You forgot one major point: The Brits got their revenge for the American Revolution, shipping over the Beatles, Rolling Stones, Kinks, The Who, etc. etc. Bye bye, Miss American Pie. lol
I'm glad that I can remember much of the '60's.

I began to earn a living and, through that, gained the freedom to make more choices of my own. I could follow clothes fashions of my own rather than the outmoded ones of my parents, for example. Music styles were liberated. Attitudes to society changed. Young people began to challenge the propaganda of the establishment. We had great parties, great dances. The girls could buy hand tailored dresses from small boutiques. We spent vacations on the Mediterranean coast instead of in some wet and windy English resort.

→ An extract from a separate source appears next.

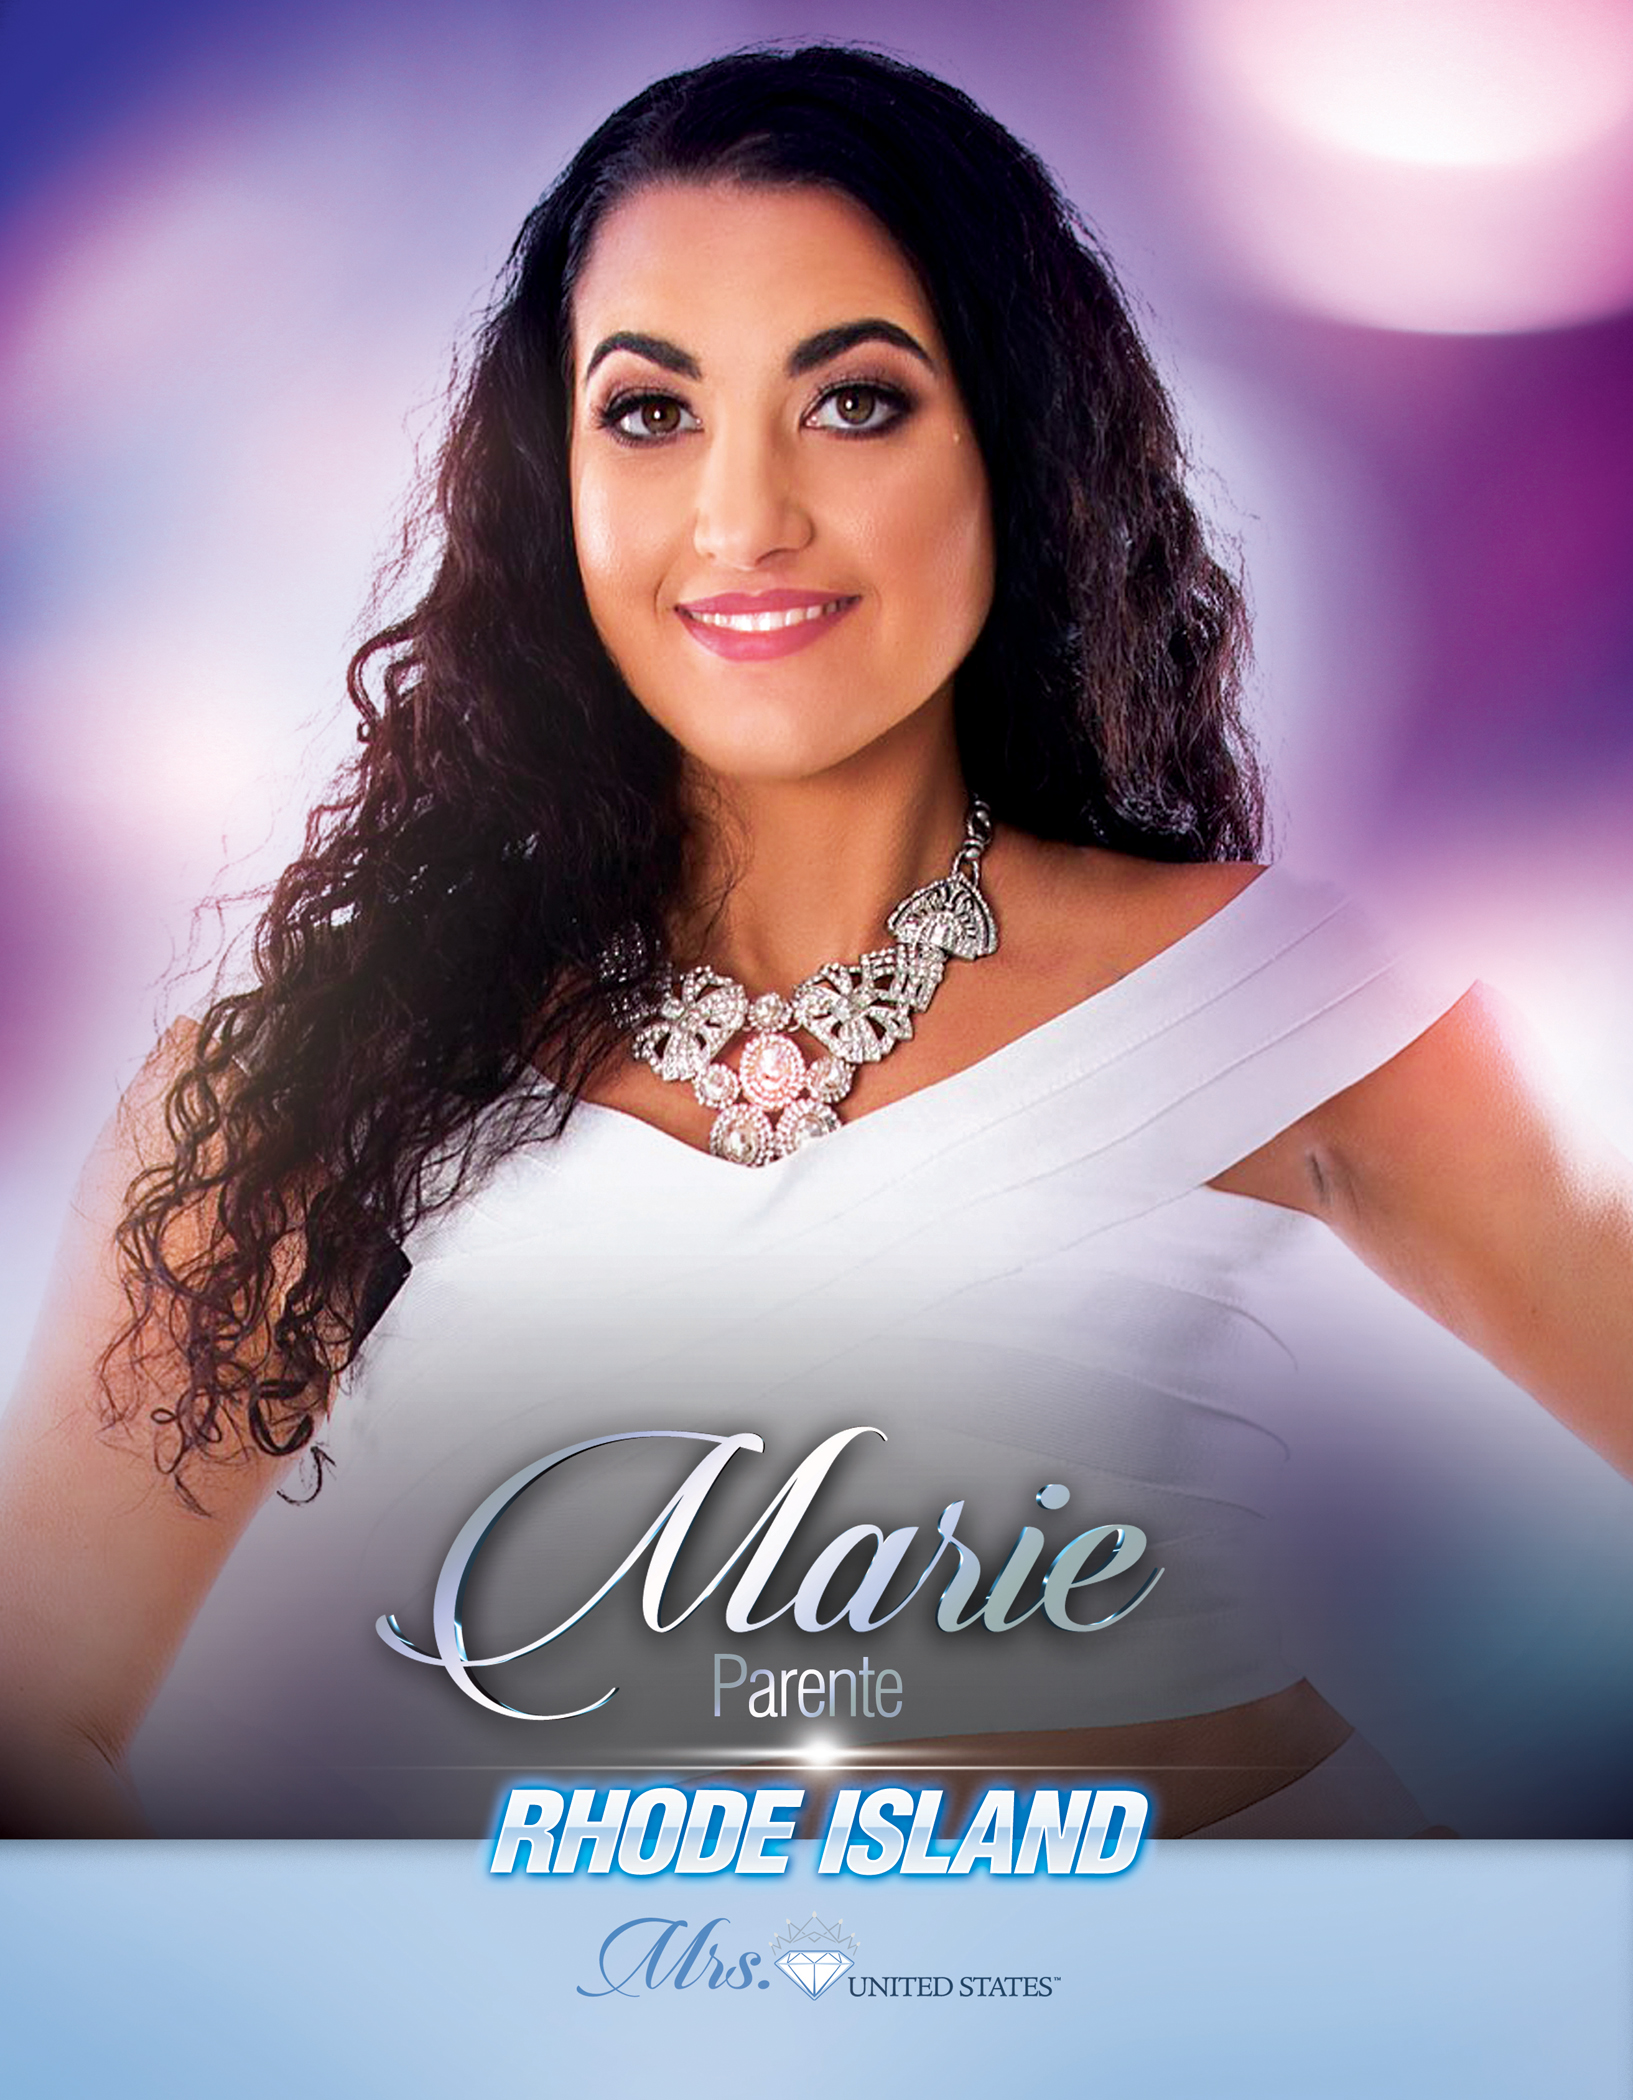 Marie Parente Mrs. Rhode Island United States - 2019

We did all of that without Twitterface or, indeed, any internet. A big step forward in technology was the invention of the cassette music tape. There were no VHSs or DVDs. Gosh, Carruthers, how did we manage such social changes without computers, cell 'phones or pocket calculators?

My general memory of the sixties is that we, the baby boomers, were able to enjoy freedoms unheard of until then. Life changes somewhat once you take on parental responsibilities but I hope that most boomers still have some of the social rebel in them.

What a pity that younger generations don't have the memories and attitudes to life that we have. Boy, today's kids really do need a '60's social revolution.
 
You forgot one major point: The Brits got their revenge for the American Revolution, shipping over the Beatles, Rolling Stones, Kinks, The Who, etc. etc. Bye bye, Miss American Pie. lol


I don't think that the Brits (you mean Britons) saw it like that. We have no lingering interest in the Revolution, having moved on more that a few decades since then. Revenge for assaulting us with Frank Sinatra and Perry Como, perhaps!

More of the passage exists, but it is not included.